If that doesn’t work, then the defense lawyer needs to request a meeting with the prosecutor’s supervisor, either a section chief or the Criminal Chief. No defense lawyer should ever be concerned about “going over the prosecutor’s head” or offending anyone by doing this. The supervisors in a U.S. Attorney’s Office are there for a reason —- to insure that the prosecutors in their office follow proper procedures. And that includes the consistent application of current DOJ policies.
If you can’t get anywhere with the supervisors, then keep going up the ladder and ask to speak directly with the U.S. Attorney and the First Assistant. The U.S. Attorney is an individual appointed by the President to represent the government in that particular federal district. They are ultimately responsible for the prosecutorial decisions made in their office. In my experience, U.S. Attorneys are generally sensitive to the directives of “Main Justice” in Washington, although they may be “hands-off” when it comes to individual cases being prosecuted by their office.
If the entire local office seems unwilling to listen, then you can go straight to “Main Justice” in Washington. That’s what I did, and it definitely helped. The local office seemed more responsive to my concerns when they knew I had the attention of someone serious in D.C.
It’s important to understand that DOJ officials may be reluctant to intervene in individual cases unless it is clear that the local U.S. Attorney’s Office has been ignoring the change in policy as a general rule. The DOJ sets policy, it does not generally intervene in a particular case unless it’s an especially high-profile or sensitive prosecution.
While I am disappointed that some offices seem to ignore the Holder Memos and this new policy, I am certainly pleased to see that the total number of federal drug prosecutions have decreased and that fewer people are facing severe mandatory minimum sentences. This shows that the policy is working.

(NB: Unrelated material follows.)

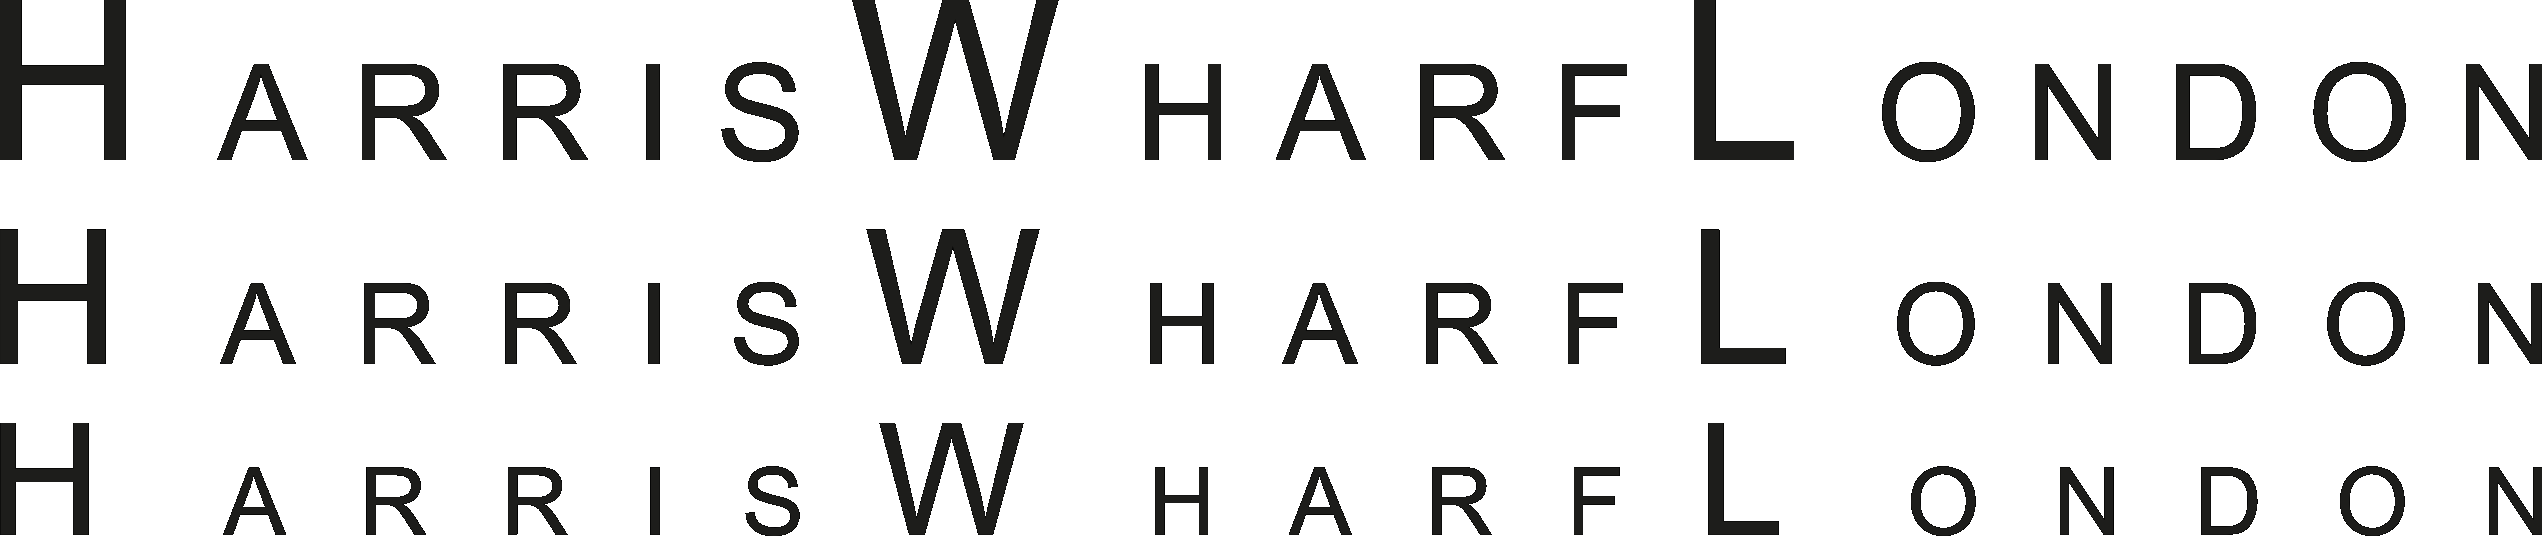 Harris Wharf London Size charts

Now it’s time for the DOJ to take the next step and make sure that this policy is being applied in every district in the country. There is no reason why defendants in some federal districts should get better treatment than defendants in other districts simply because local prosecutors may not like the new policies. Only when this policy is universally adopted will it have the intended effect of creating fairness and avoiding disparity in the federal criminal justice system for low-level drug offenders across the country.